A final investment decision is due by the end of May, with development targeted by early 2026.

But Shenghe is aiming to take its involvement in the project — also 16% owned by the Tanzanian Government under its mining laws — further.

Peak has engaged Macquarie as an adviser to assess funding options, with Shenghe also potentially looking to take a non-controlling stake in Peak’s interest in Ngualla, something that would help the ~$100m junior fulfil its capital requirements.

Peak has the right to terminate the offtake deal if financial close is not reached within six months of today’s FEED release, something which coincides with its AGM in Sydney.

Ngualla boasts a similar type of mineralisation to MP Materials, called bastnaesite.

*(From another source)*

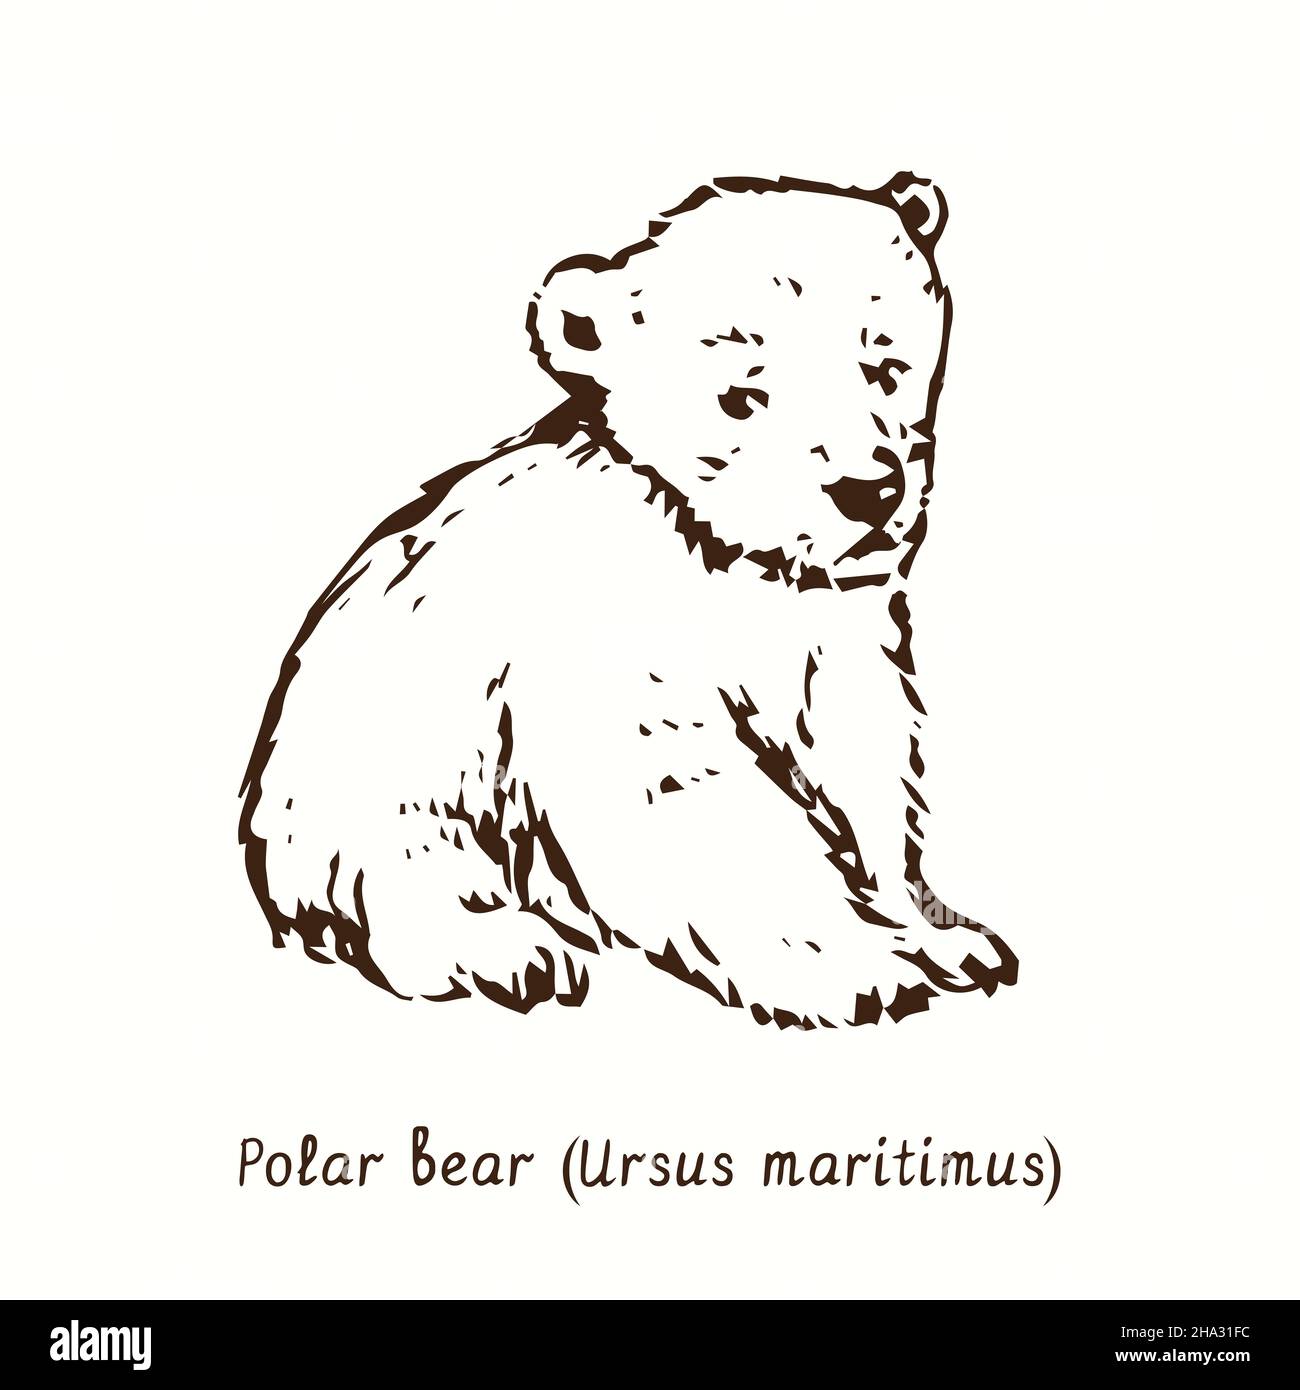 Cucciolo di orso polare (Ursus maritimus) seduto. Disegno in bianco e nero in legno. Foto Stock
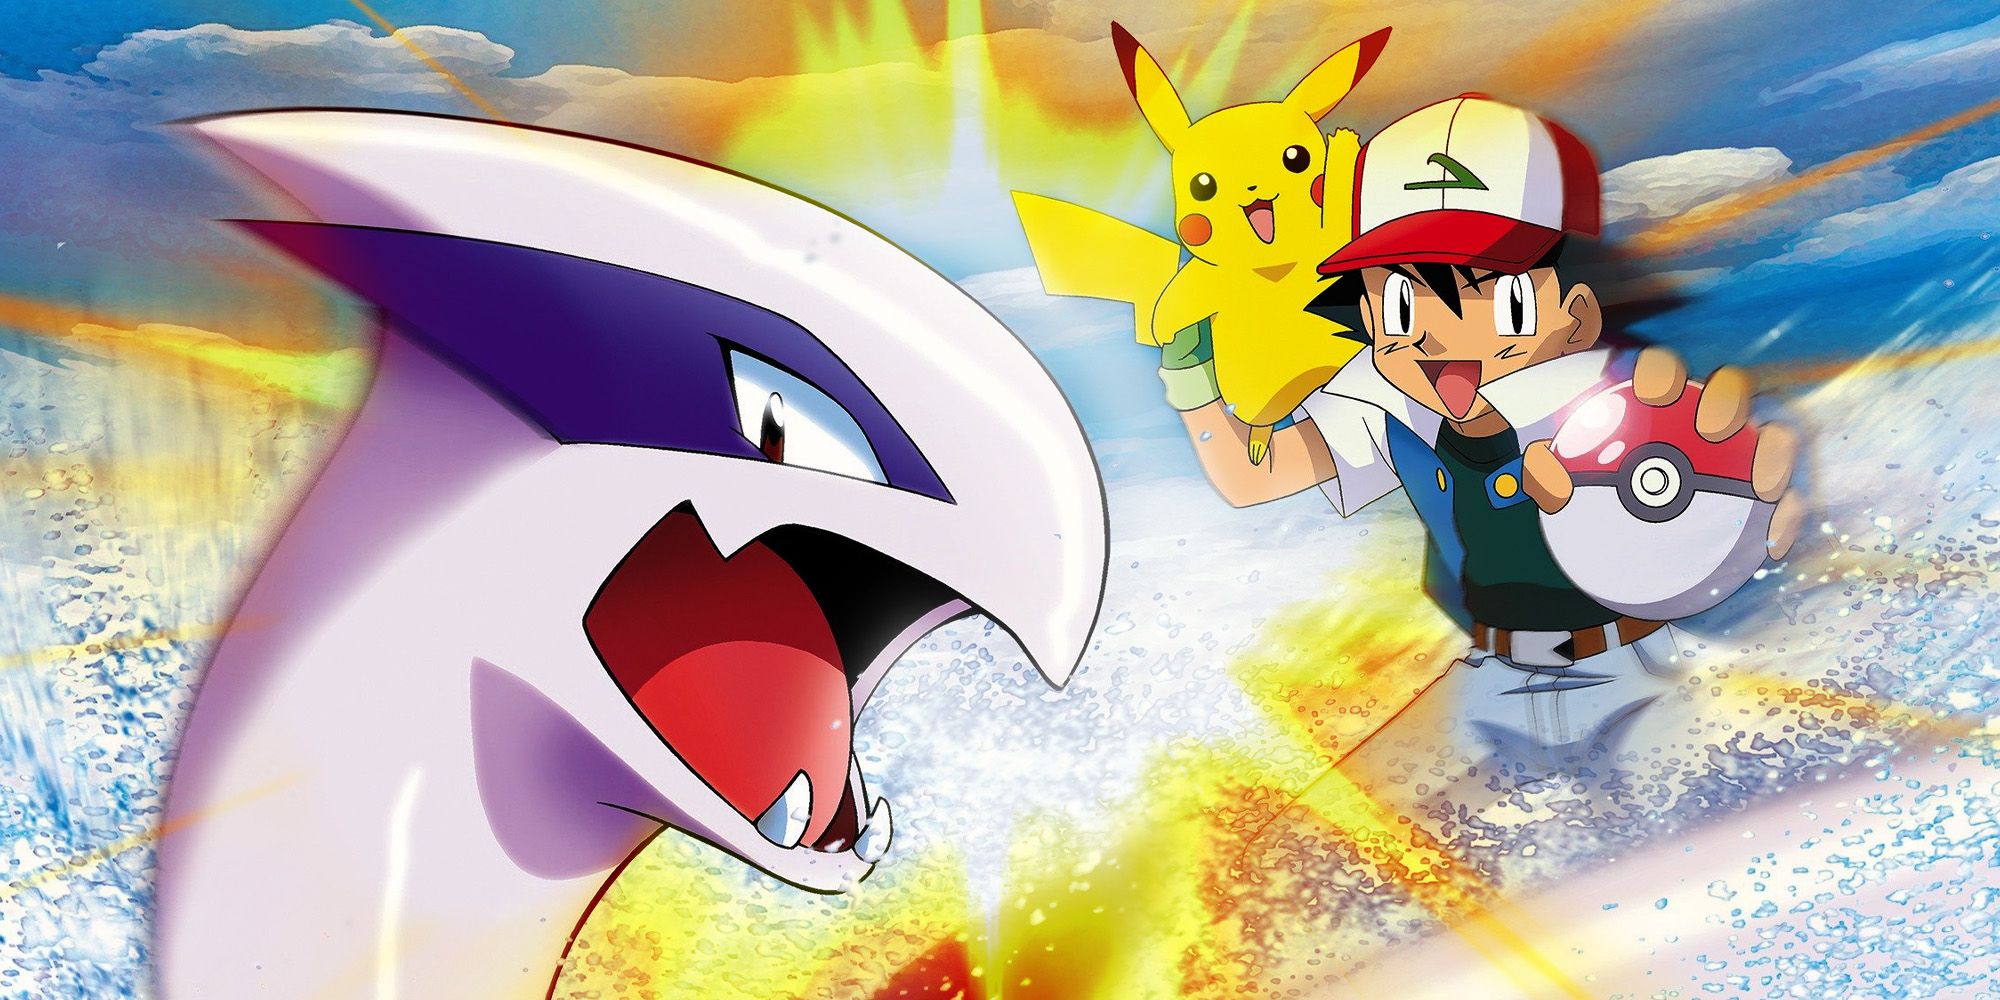 El juego Lost Pokémon The Movie 2000 ahora se puede jugar nuevamente

Peak anticipates it will produce 16,200tpa of rare earths concentrate over a 24-year mine life, upgrading a 4.8% TREO feed grade to a 45% con, 22.3% of which will be NdPr.

 

Peak Rare Earths (ASX:PEK) share price today

 

And on the markets?

The materials sector hit a rough patch this morning, down 0.17% with gold, uranium and battery metals stocks in the red.

Iron ore miners were mixed with prices largely unmoved despite suggestions Beijing could make a (probably unsuccessful) attempt to kill speculative trading it thinks are keeping prices high.

Sandfire Resources (ASX:SFR) was down over 2% after revealing it had apologised to Traditional Owners after an internal review found it had disturbed cultural artefacts at the satellite Monty mine, part of its DeGrussa copper-gold operations near Meekatharra in 2017 and 2018.

The company says it has now reported the disturbance to WA’s Department of Planning, Lands and Heritage.

“Sandfire prides itself on being a values based organisation and we are extremely sorry to have disturbed artefact scatter within the Monty mining lease during construction and mining activities. Our local communities are of critical importance to us and we will work hard to rebuild our relationship with the Traditional Owners,” Sandfire CEO Brendan Harris said.

The copper miner, which has since placed DeGrussa on care and maintenance as it focuses on its MATSA mine in Spain and Motheo in Botswana, separately copped a first strike yesterday as over 35% of votes were cast against the adoption of its remuneration report.